All experiments involving ¹⁹F were performed on a Varian INOVA spectrometer, having resonance frequencies of 470.64 MHz for ¹⁹F and 500.23 MHz for ¹H. All ¹⁹F spectra are referenced by the unified scale,¹⁸ with the ¹⁹F Ξ value referenced to CFCl₃. The unified scale utilizes the ¹H spectrum acquired from the same sample, experimentally referenced with TMS set to 0 ppm. A 5-mm dual-coil ¹H–¹⁹F Varian probe was used.

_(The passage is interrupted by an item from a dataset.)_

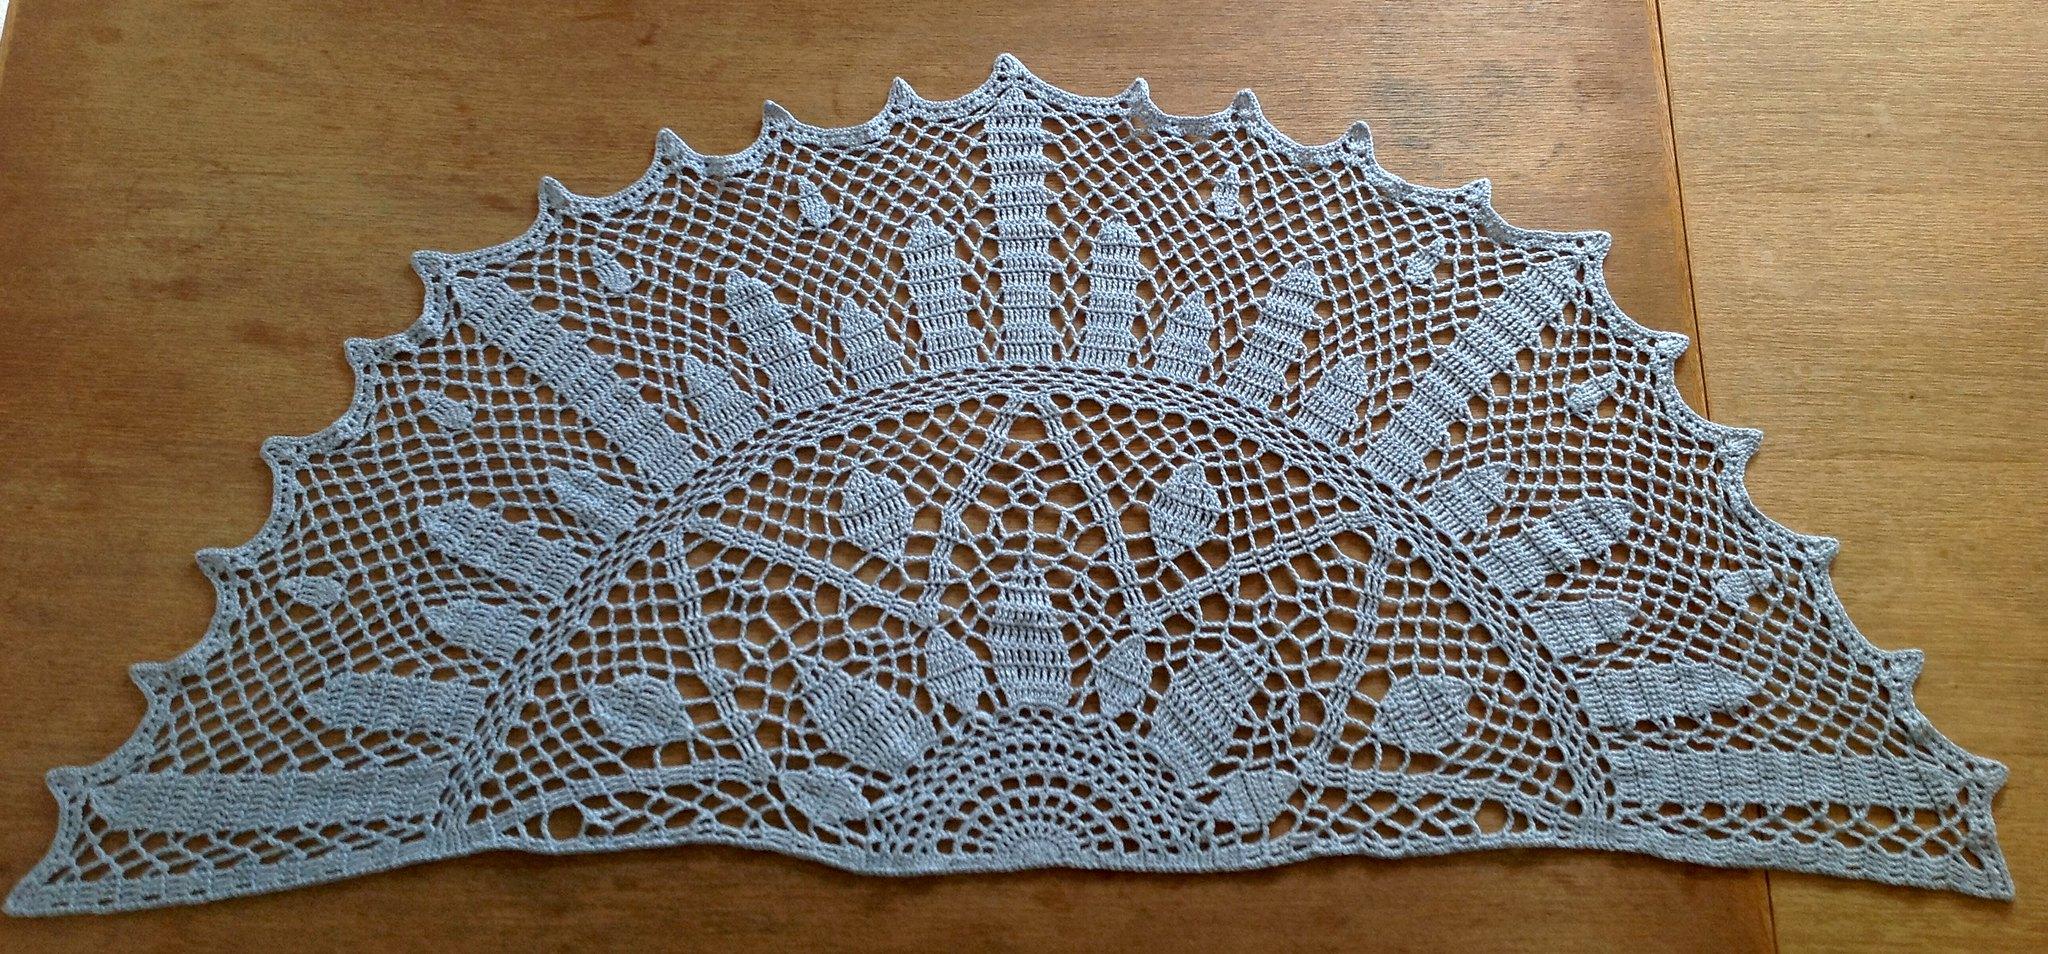 suvi 39 s crochet art deco sunburst shawl. Black Bedroom Furniture Sets. Home Design Ideas

Standard ¹⁹F 1D spectra were obtained without ¹H decoupling using d1 = 4, at = 1.5, nt = 8, ss = 2, pw = 30°. The sweep width was reduced from an initial 400 ppm to 181 ppm to improve digital resolution. No peaks were observed except for the three singlets: CF₃ peaks for the minor and major isomers at −71.712 and −72.758 ppm, respectively, and a small peak (<2%) at −75.754 ppm. The ¹H–¹⁹F dual probe used for these studies did not have PFG capability. Hence, ¹H–¹⁹F NOEs were obtained by using NOE difference methods as follows. Our INOVA-500 spectrometer has a single high-band AMT transmitter, so re-cabling to allow RF splitting and recombining while retaining high sensitivity for both nuclei was necessary.¹⁹

With NOE difference methods, a saturation pulse is applied to one multiplet; in our experiments, we chose the CF₃ singlets. A saturation power between –10 and 0 dB was found to work well (that is, the pulse did not affect the nearby multiplet). Saturation equalizes the ±½ spin states of the ¹⁹F nuclei, which will then produce NOEs at nearby protons. Acquiring ¹H spectra with the ¹⁹F saturation pulse applied at the reference position and subtracting that spectrum from another having the saturation pulse at the CF₃ position produces the NOEdiff spectra, as shown in Figure 4. Parameters for these spectra were: nt = 1200, ss = 16, dpwr (=satpwr) = −4, d1 = 10, at = 4, bs = 16, il = ‘y’.